TLR4
Description
The TLR4 (toll like receptor 4) is a protein-coding gene located on chromosome 9.
Toll-like receptor 4 (TLR4), also designated as CD284, is a key activator of the innate immune response and plays a central role in the fight against bacterial infections. TLR4 is a transmembrane protein of approximately 95 kDa that is encoded by the TLR4 gene. TLR4 belongs to the toll-like receptor family, which represents the pattern recognition receptors (PRR). PRRs are named for their ability to recognize evolutionarily conserved components of microorganisms (bacteria, viruses, fungi, and parasites), called pathogen-associated molecular patterns (PAMPs). The recognition of a PAMP by a PRR triggers rapid activation of the innate immunity essential to fight infectious diseases. TLR4 is expressed in immune cells mainly of myeloid origin, including monocytes, macrophages, and dendritic cells (DC). It is also expressed at a lower level on some non-immune cells, including epithelium, endothelium, placental cells, and beta cells in Langerhans islets. Most myeloid cells express also high amounts of plasma membrane-anchored CD14, which facilitates the activation of TLR4 by LPS and controls the subsequent internalization of the LPS-activated TLR4 important for receptor signaling and degradation. The main ligands for TLR4 are lipopolysaccharides (LPS), the major components of the outer membrane of Gram-negative bacteria and some Gram-positive bacteria. TLR4 can also be activated by endogenous compounds called damage-associated molecular patterns (DAMPs), including high mobility group box protein 1 (HMGB1), S100 proteins, or histones. These compounds are released during tissue injury and by dying or necrotic cells.

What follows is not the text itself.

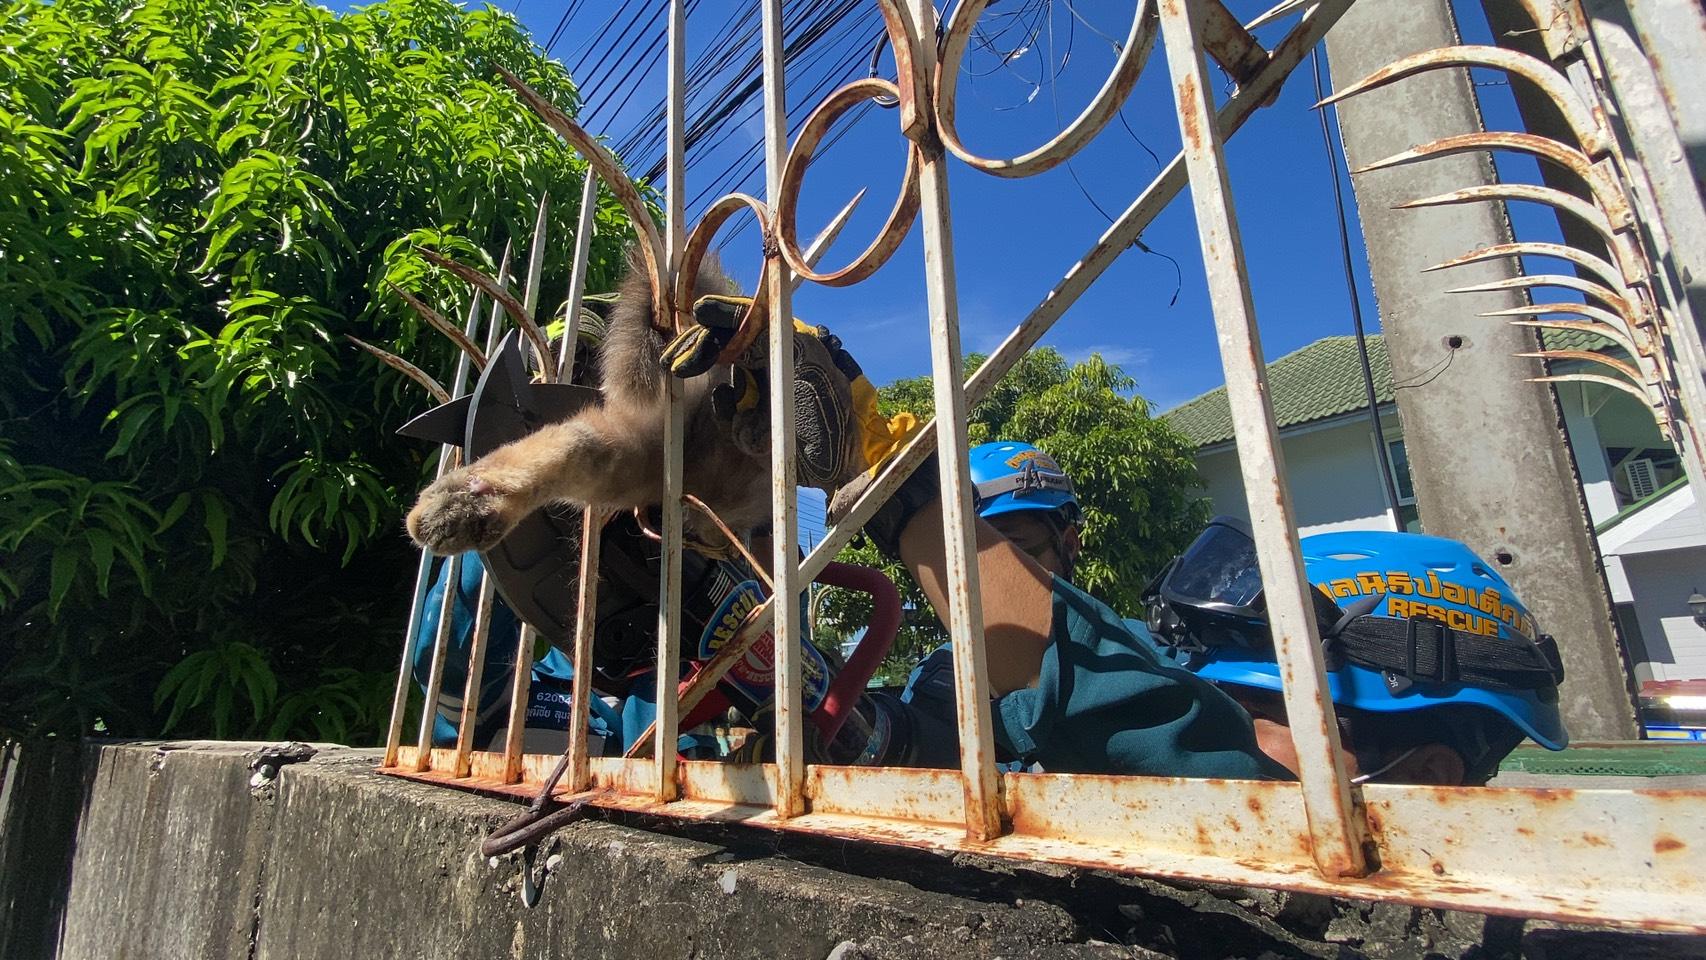 ดำเนินการช่วยเหลือสัตว์เลี้ยง(แมว) ถูกเหล็ก(รั้วบ้าน)เสียบบริเวณลำตัว
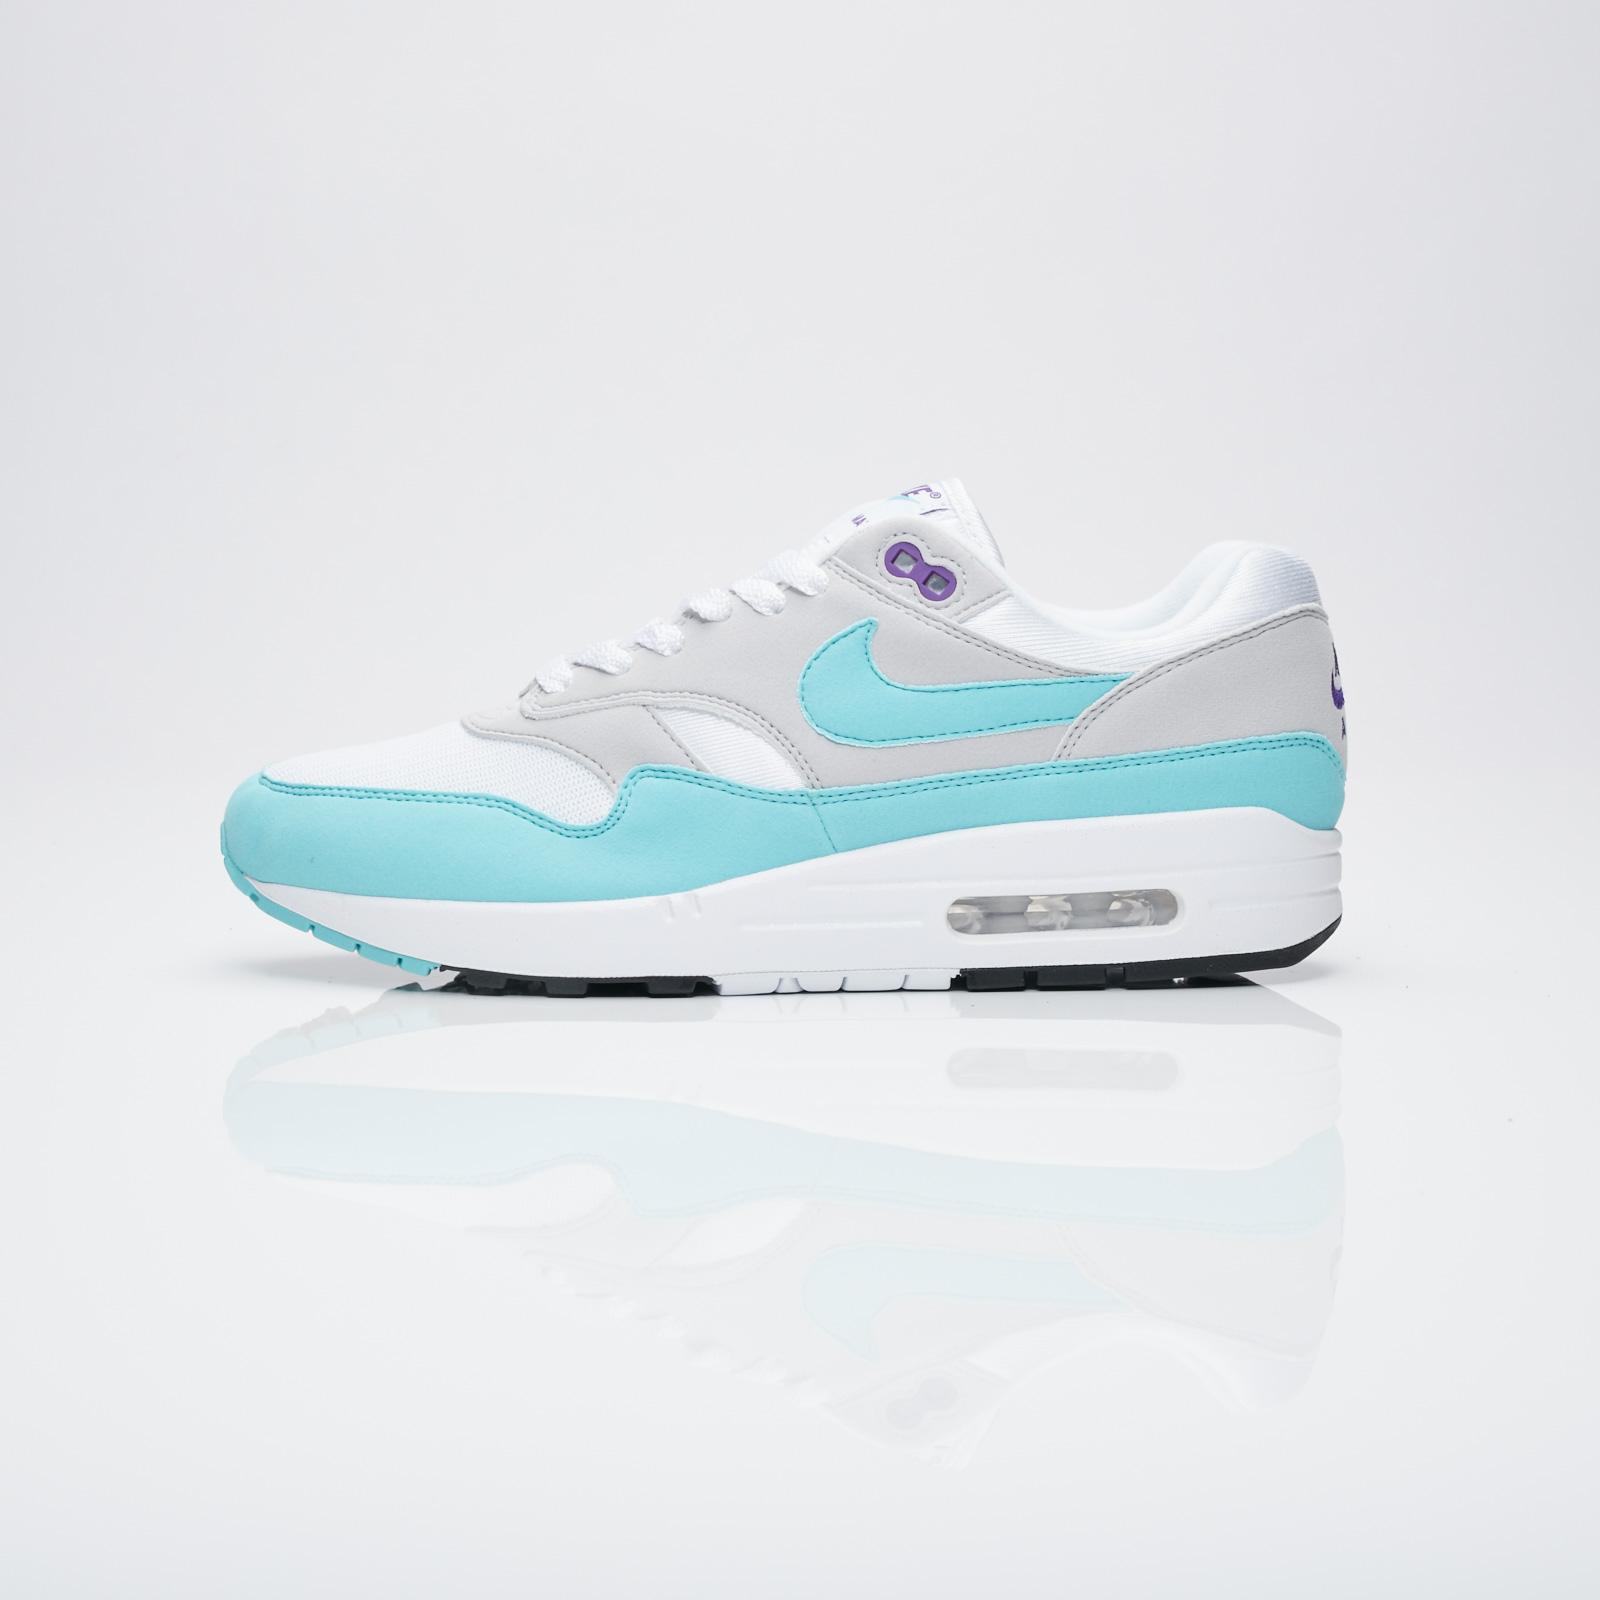 c775decb9b Nike Air Max 1 Anniversary - 908375-105 - Sneakersnstuff | sneakers &  streetwear online since 1999

TLR4 is a transmembrane receptor that acts as a pattern recognition receptor (PRR) to recognize both pathogen-associated molecular patterns (PAMPs) and damage-associated molecular patterns (DAMPs). This recognition triggers innate immune responses by activating downstream signaling pathways, ultimately leading to the production of pro-inflammatory cytokines. TLR4 cooperates with LY96 at the plasma membrane to mediate the innate immune response to bacterial lipopolysaccharide (LPS). It also participates in LPS-independent inflammatory responses triggered by free fatty acids, such as palmitate, and Ni(2+). Mechanistically, TLR4 acts via the MYD88, TIRAP, and TRAF6 signaling pathway, resulting in NF-kappa-B activation, cytokine secretion, and inflammation. Alternatively, CD14-mediated TLR4 internalization via endocytosis can initiate a MYD88-independent signaling cascade through the TICAM1-TBK1-IRF3 axis, leading to type I interferon production. Besides cytokine secretion, TLR4 activates the NLRP3 inflammasome and establishes a positive feedback loop between autophagy and the NF-kappa-B signaling cascade. In complex with TLR6, TLR4 promotes inflammation in monocytes/macrophages by associating with TLR6 and the receptor CD86. Upon binding to ligands like oxLDL or amyloid-beta 42, the TLR4:TLR6 complex is internalized and triggers inflammatory responses, resulting in the NF-kappa-B-dependent production of CXCL1, CXCL2, and CCL9 cytokines via the MYD88 pathway, as well as CCL5 cytokine via the TICAM1 pathway. In myeloid dendritic cells, vesicular stomatitis virus glycoprotein G, but not LPS, activates IRF7, leading to type I IFN production in a CD14-dependent manner. TLR4 is crucial for the migration-promoting effects of ZG16B/PAUF on pancreatic cancer cells.
TLR4 is also known as ARMD10, CD284, TLR-4, TOLL.